With respect to Novo Nordisk’s argument that the QSSD conflates Part B and Part D drugs in violation of the statute, the government said the statute “directs CMS to select drugs based on relative spending—and makes only Medicare Part D spending a relevant ranking criterion for price applicability years 2026 and 2027.”⁸⁵ In other words, the government says it is “immaterial” that the manufacturer’s insulin drugs are reimbursed under both Parts B and D, because the “practical effect” of the statute is that Part B drugs are not selected for negotiation in price year 2026 unless they also have the highest Part D expenditures.⁸⁶ The government argued NovoLog meets both criteria and thus that the drug is not exempted from selection simply because it also receives reimbursement under Part B.⁸⁷

Lastly, the government argued that CMS’s bona fide marketing standard is consistent with the IRA.⁸⁸ The government explained that the standard is needed to ensure that manufacturers cannot avoid negotiation by contracting with a generic competitor to launch a de minimis amount of a generic drug or biosimilar, thereby exempting it from the QSSD definition.⁸⁹ The government also argued that the specific language of the IRA indicates that Congress intended for CMS to “exercise some judgment in applying the standard,” and that the manufacturers’ interpretation of the IRA would render the marketing requirement “meaningless.”⁹⁰ The government disputed the relevance of other CMS interpretations of “marketing” that the manufacturers assert lack a bona fide requirement, arguing that in those instances de minimis marketing was not a concern.⁹¹

81 Defendants’ Opposition to Plaintiffs’ Motion for Summary Judgment and Cross-motion at 30, AstraZeneca Pharms.

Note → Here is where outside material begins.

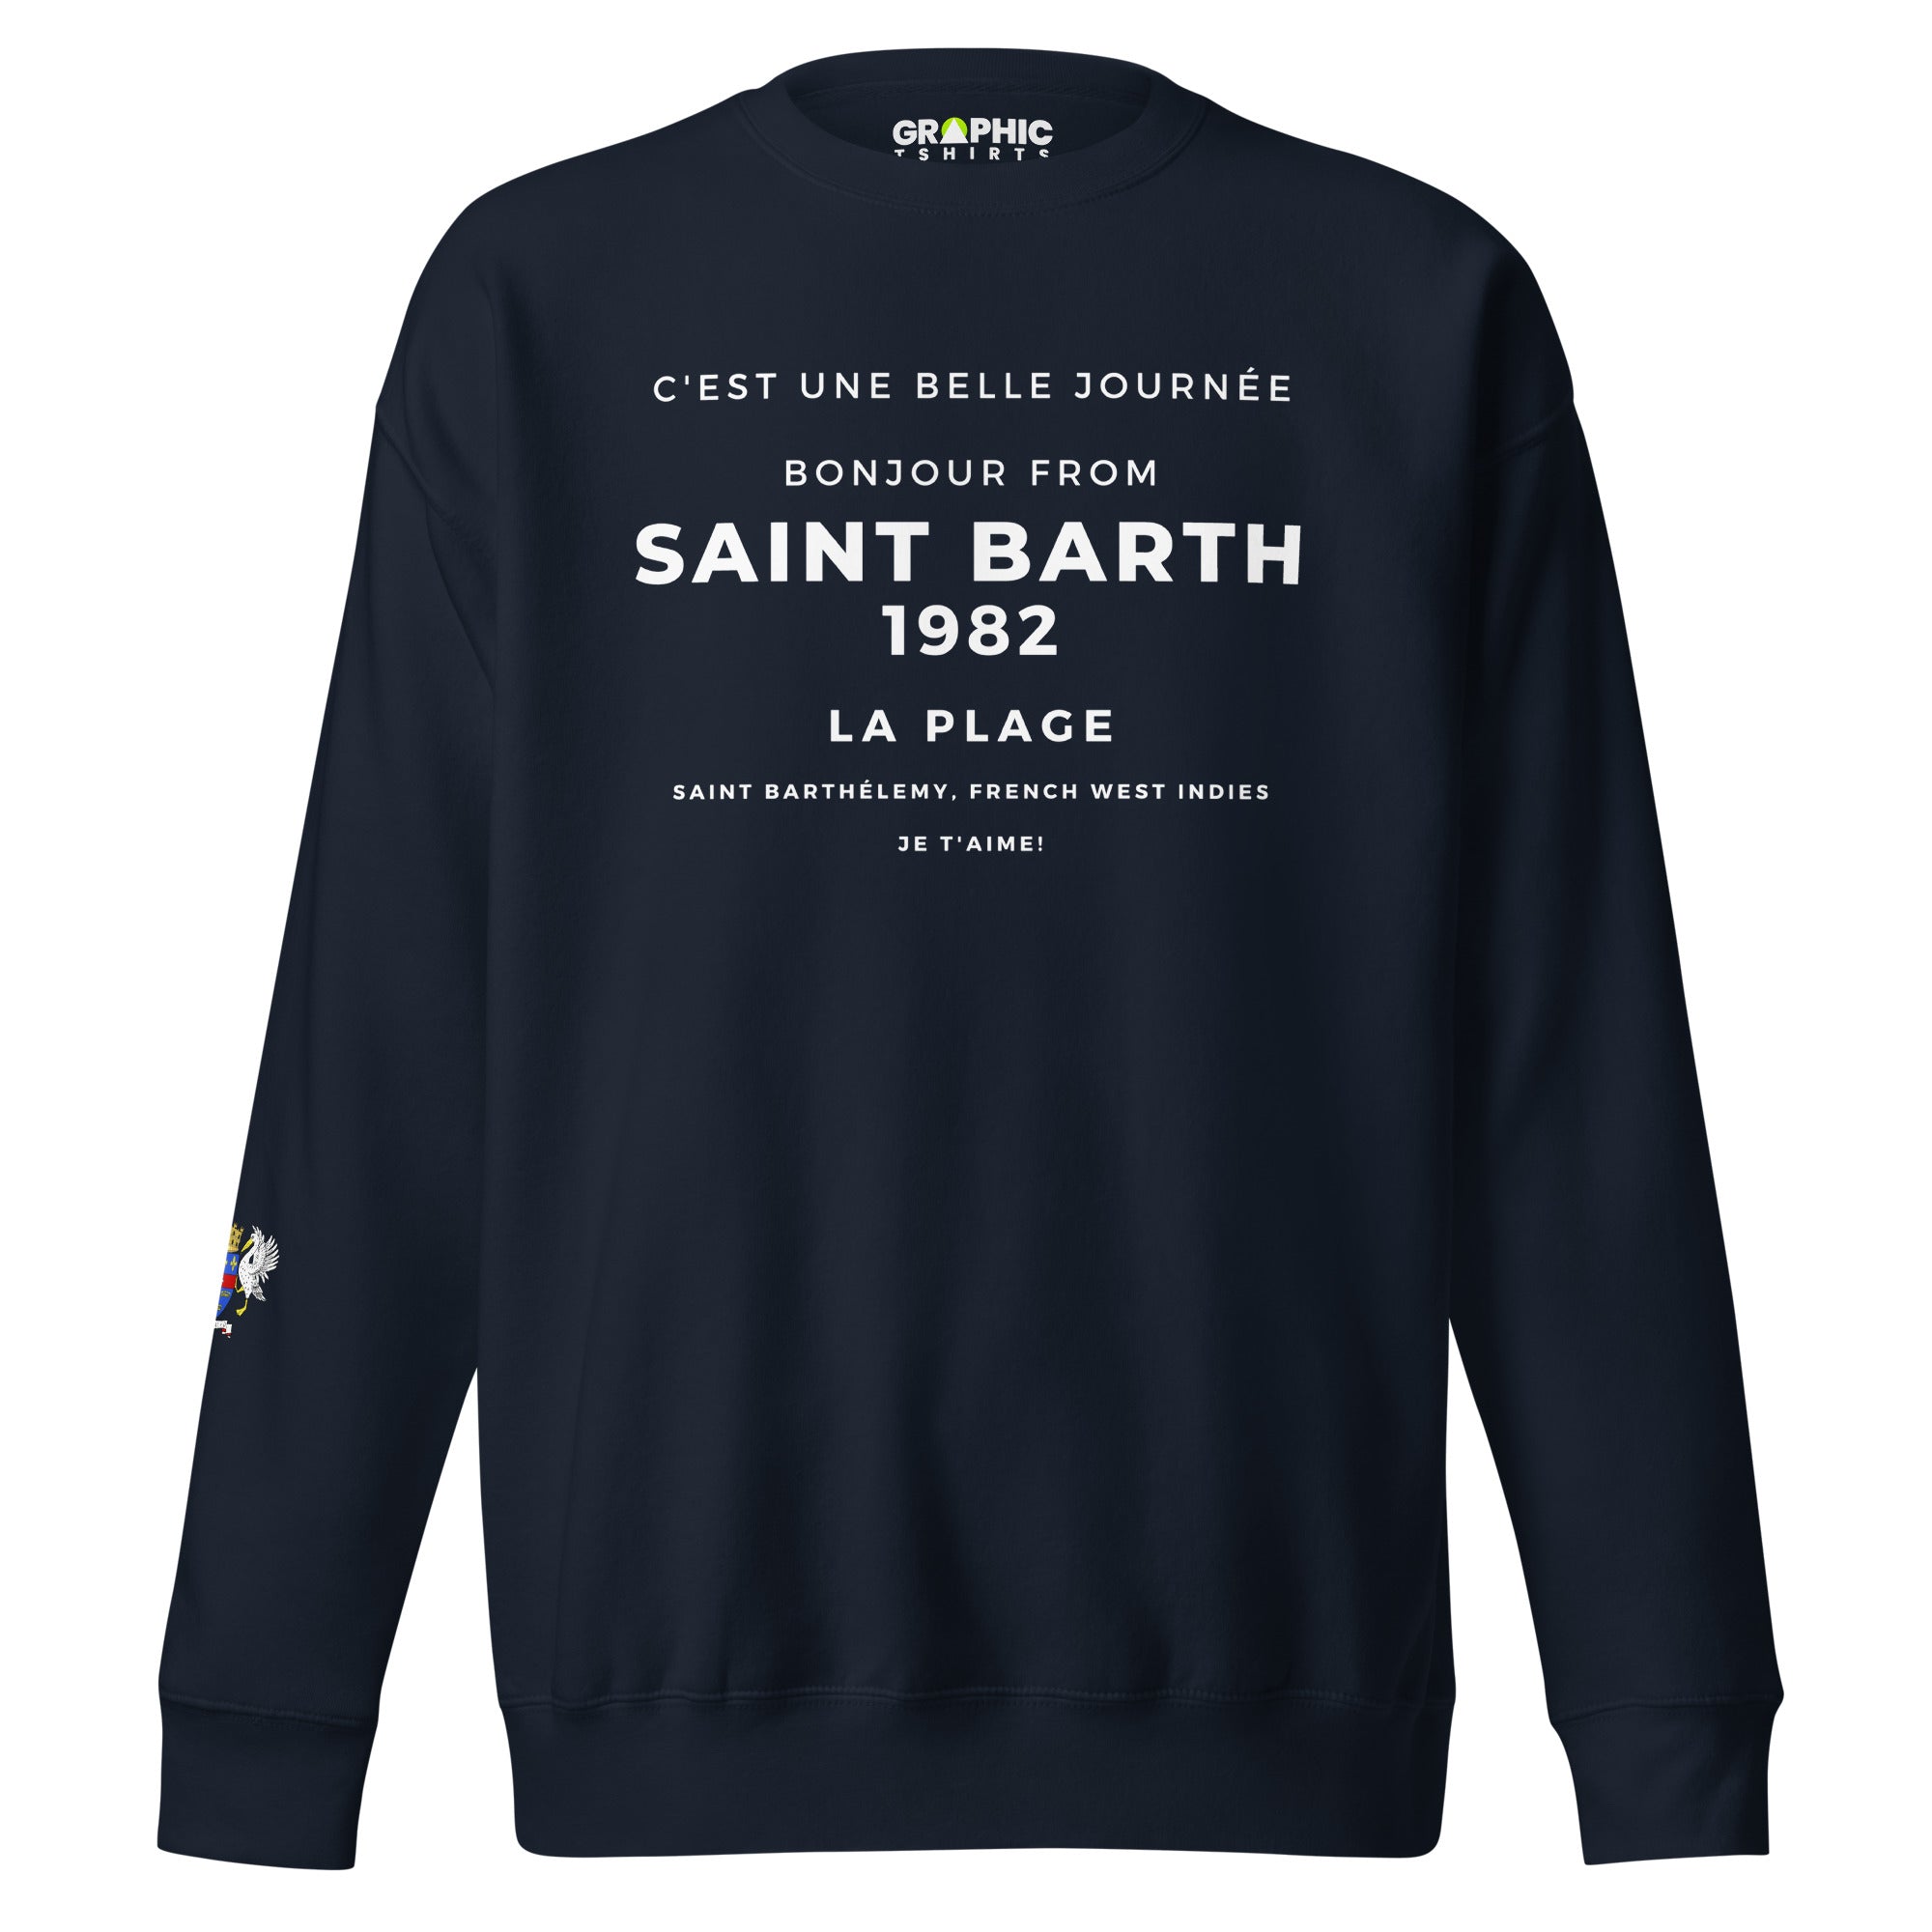 Unisex Premium Sweatshirt - Bonjour From Saint Barthelemy French West Indies 1982 Je T'Aime! - GRAPHIC T-SHIRTS

LP v. Becerra, No. 23-931 (D. Del. Nov. 1, 2023), ECF No. 21; Memorandum of Law in Opposition to Plaintiff’s Motion for Summary Judgment and in Support of Defendants’ Cross-motion at 27, Novo Nordisk, Inc. v. Becerra, No. 23-CV-20814, 2024 WL 3594413 (D.N.J. Jan. 26, 2024), ECF No. 37; see also Revised Guidance at 11.

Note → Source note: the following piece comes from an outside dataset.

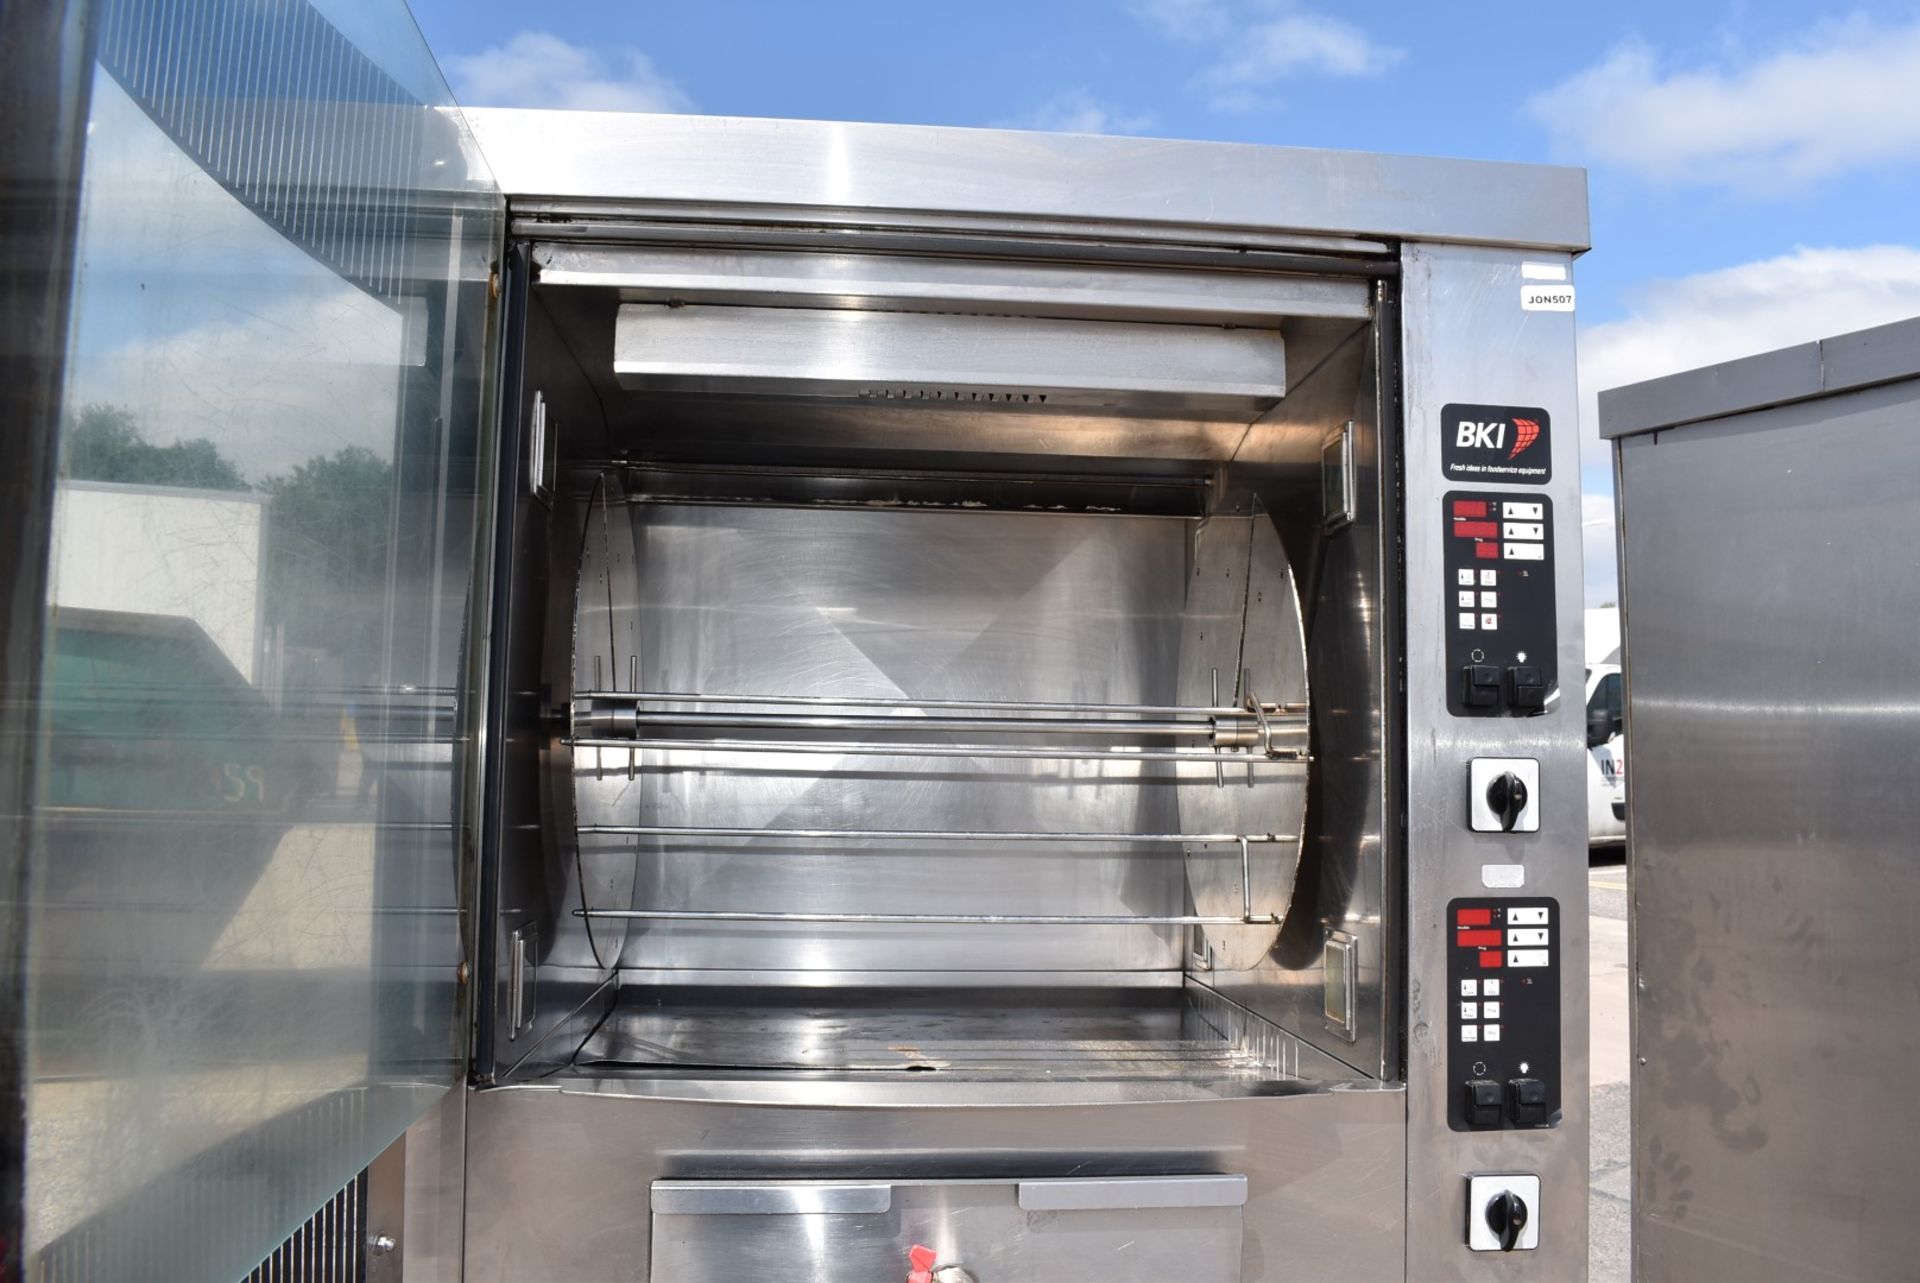 1 x BKI BBQ King Commercial Double Rotisserie Chicken Oven With Stand - Type VGUK16 - 3 Phase - Image 2 of 21

82 42 U.S.C. § 1320f-1(d)(3)(B).

83 Memorandum of Law in Opposition to Plaintiff’s Motion for Summary Judgment and in Support of Defendants’ Cross-motion at 23, Novo Nordisk, Inc. v. Becerra, No. 23-CV-20814 (D.N.J. Jan. 26, 2024), ECF No. 37.

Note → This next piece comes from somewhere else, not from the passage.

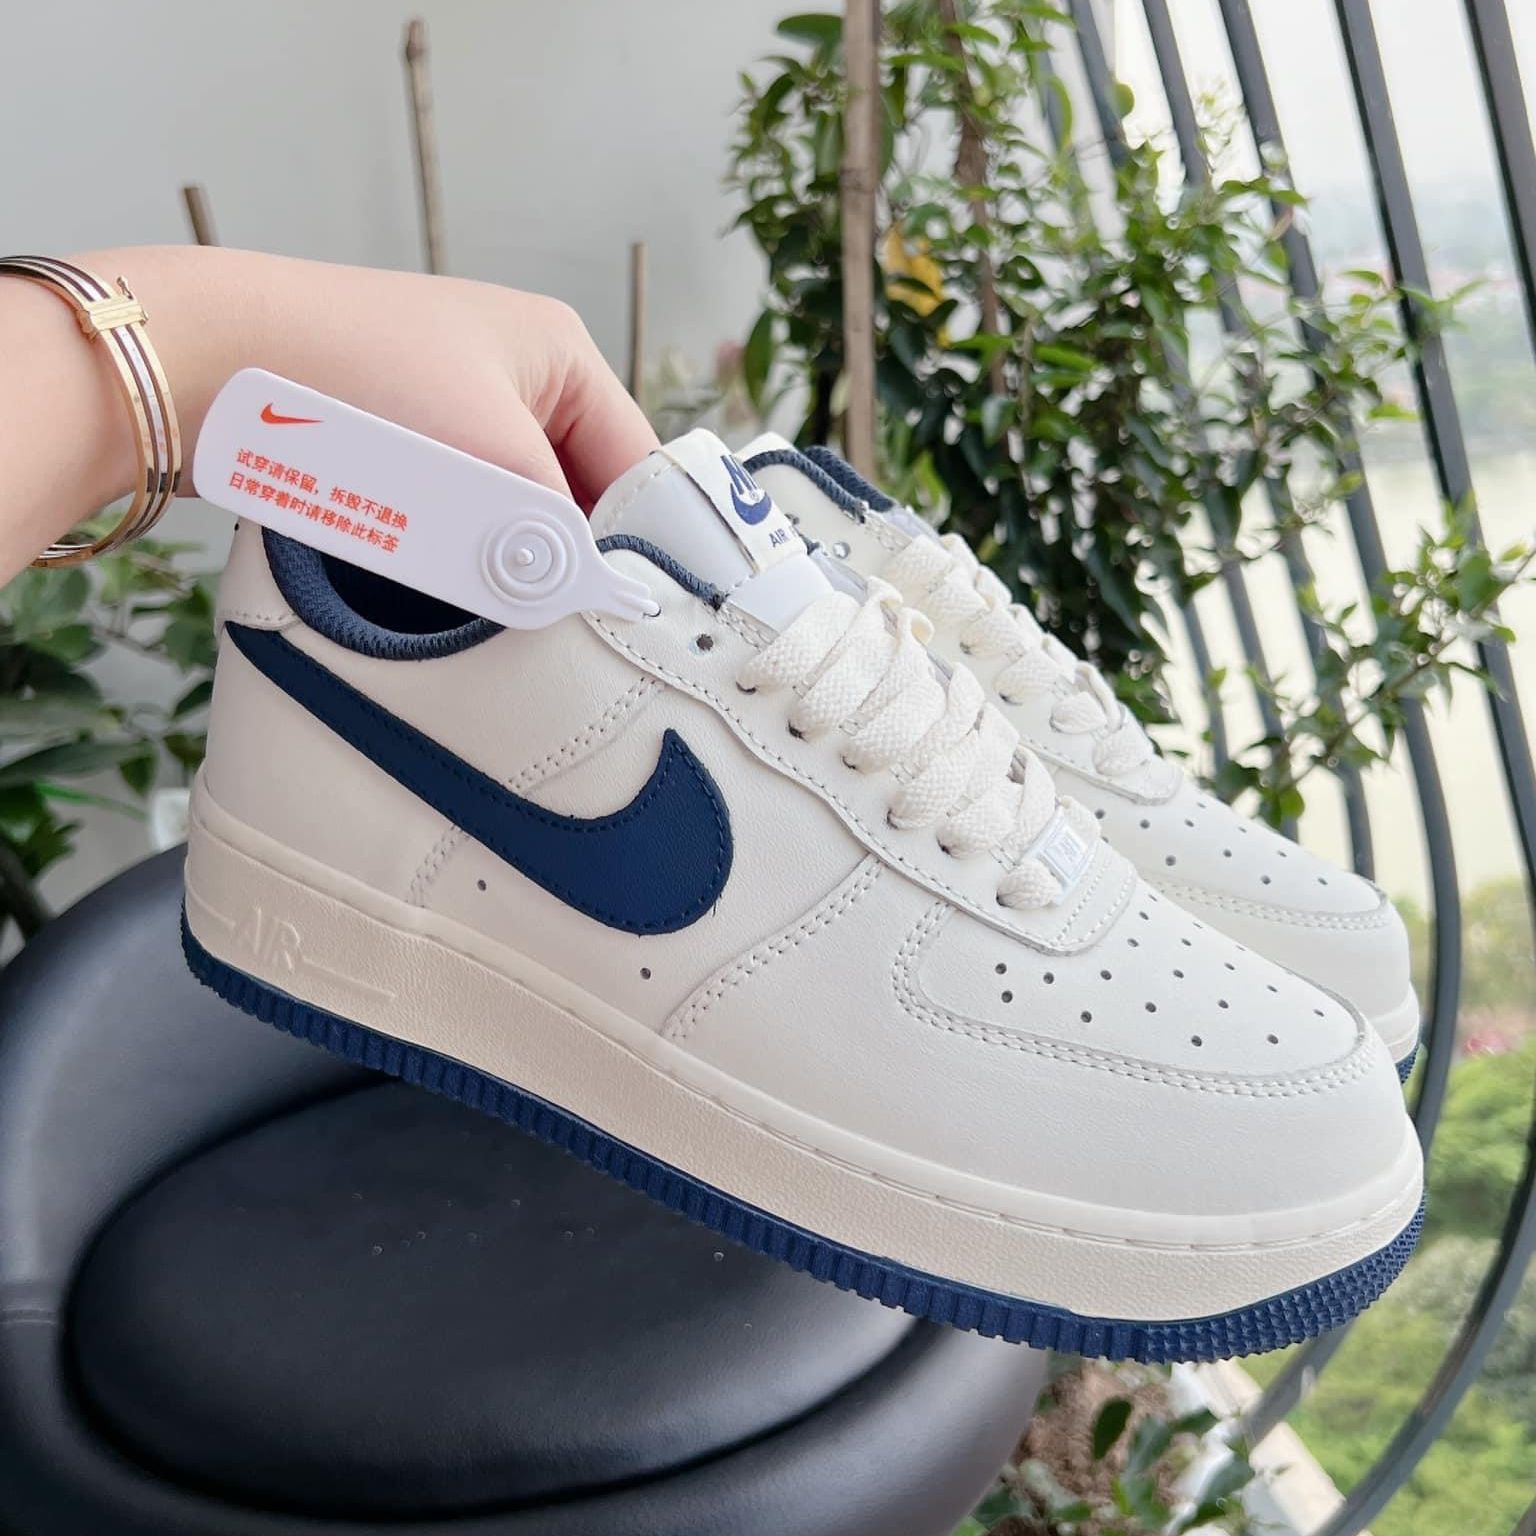 giày Nike Air Force 1 Low 07 Cream White Navy Skate

84 Id. at 27; Defendants’ Opposition to Plaintiffs’ Motion for Summary Judgment and Cross-motion at 31, AstraZeneca Pharms. LP v. Becerra, No. 23-931 (D. Del. Nov. 1, 2023), ECF No. 21. For more information about product hopping, see CRS In Focus IF11561, Pharmaceutical Patenting Practices: A Legal Overview, coordinated by Kevin J. Hickey (2020).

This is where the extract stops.